Don’t – Make assumptions about one another: Introverts and extroverts often feel misunderstood by one another. Introverts are oftentimes seen as aloof or disinterested while extroverts can be labeled loud and obnoxious. Usually, neither is true. It can be hard to manage two distinct personality types that get their energy in different ways. Don’t judge too quickly and don’t make negative assumptions about someone based on their intro or extroversion and you’ll likely find there are plenty of things you have in common despite having different communication styles.
Don’t – Forget to let people do what they love: Trying to force introverts to be more social or trying to force an extrovert to sit still during a party isn’t going to work. It’s important to let people do what they love. If someone wants to sit and people watch or explore on their own, that’s just as social as someone who wants to dance with everyone in the room. Let people have fun in the way that makes the most sense for them.

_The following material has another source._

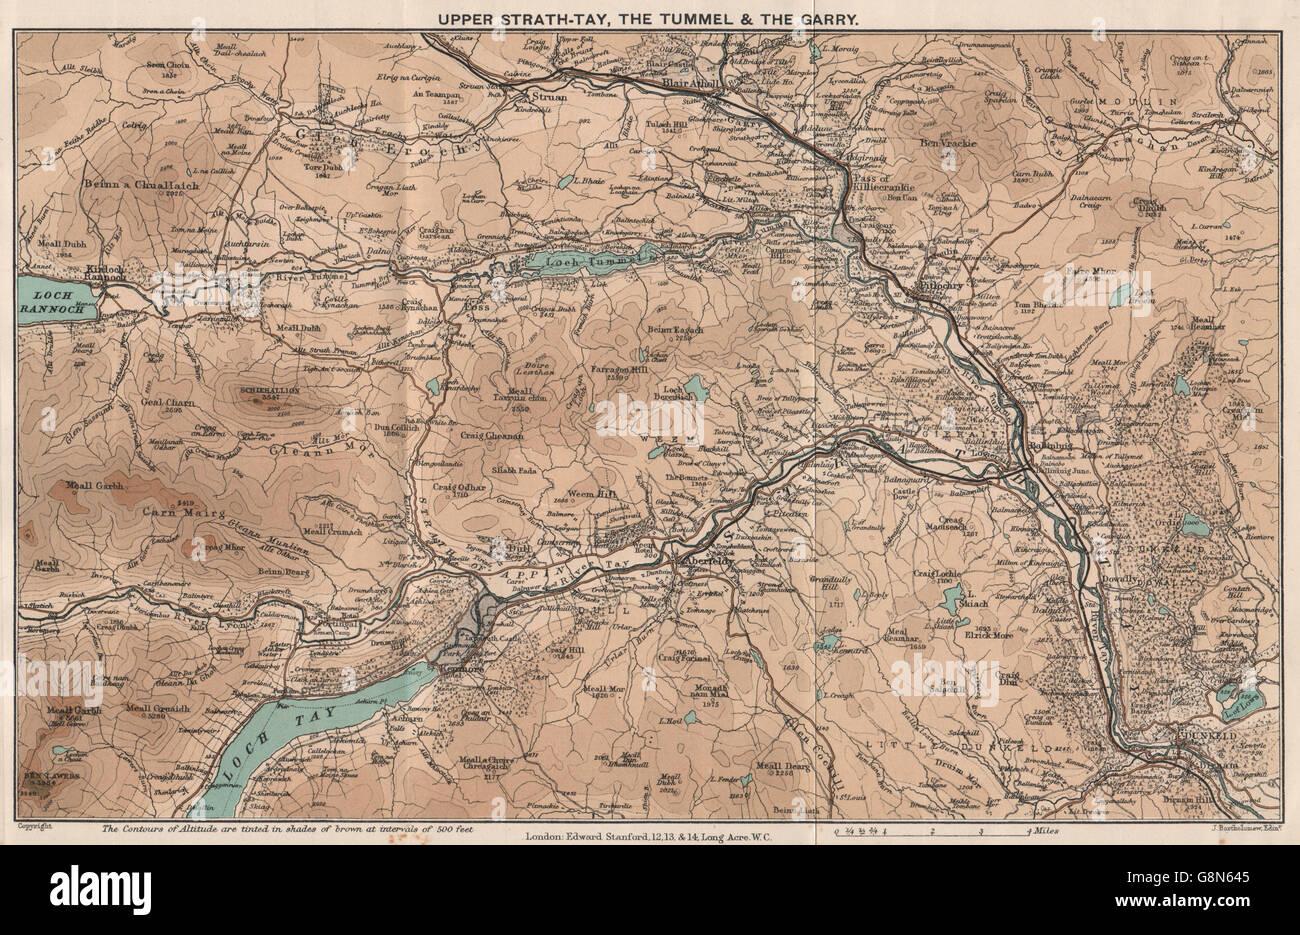 Pitlochry Scotland Map.Upper Strathtay Tummel Garry Dunkeld Pitlochry Scotland Stock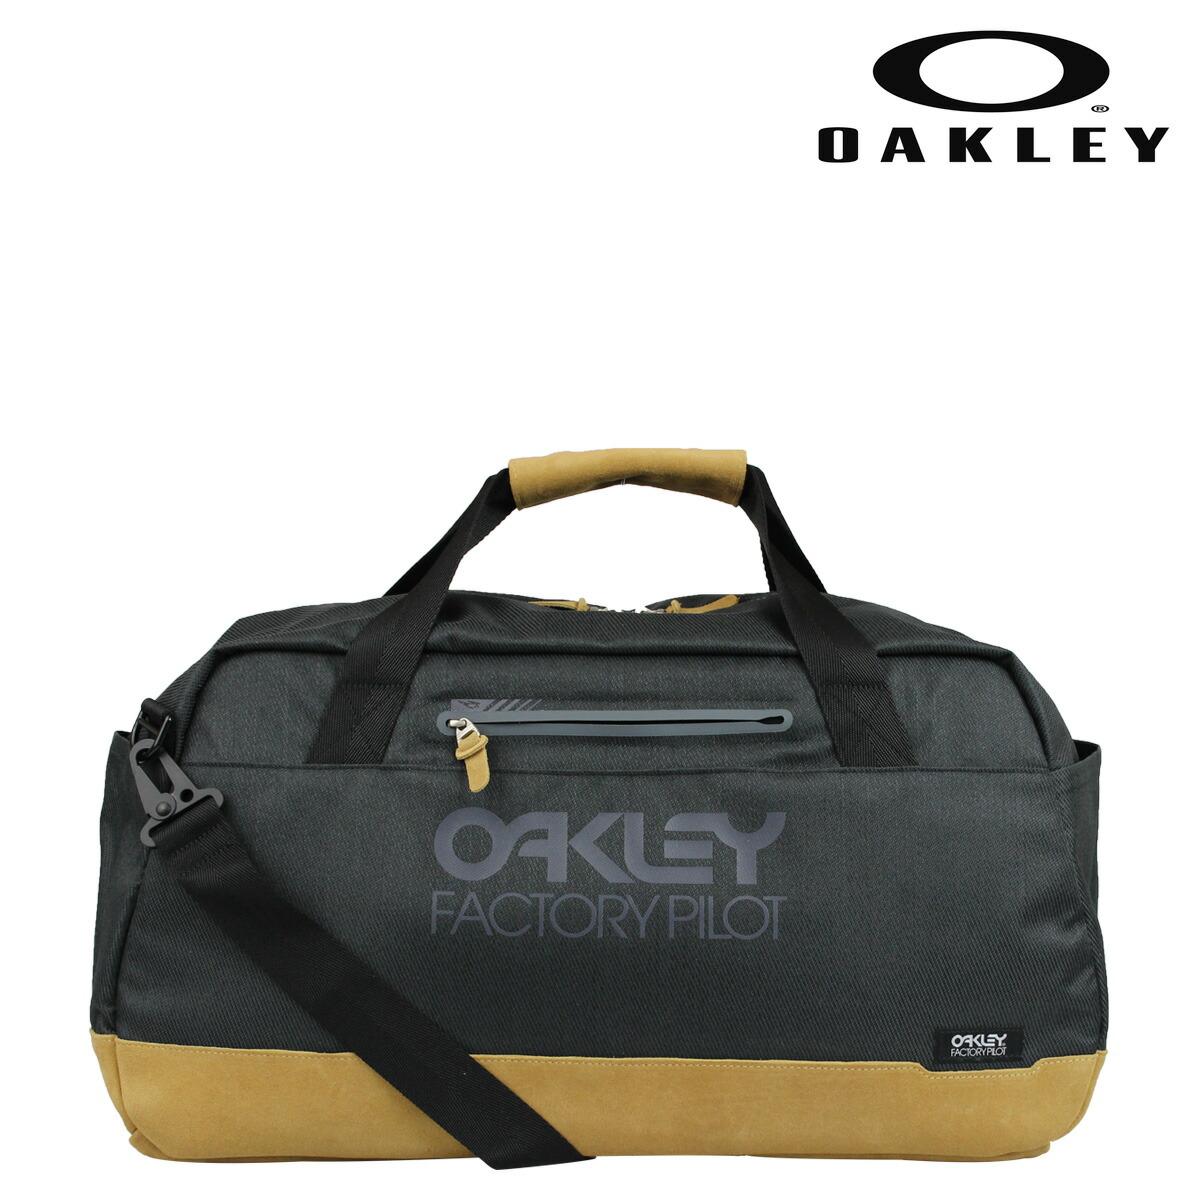 a0ddc7bd9db4 Oakley Factory Pilot Weekender « Heritage Malta

Don’t – Forget people always find a way to socialize together: People always find a way to get along. An introvert will disengage when they start to feel overwhelmed or tired. Extroverts tend to seek out fellow extroverts so they can build on each other’s energy.
In the end, introverts and extroverts have been co-mingling at social events forever. They always find a way. The bottom line is be aware of the cues that clue you into what someone’s personality is and try to accommodate them while staying true to who you are.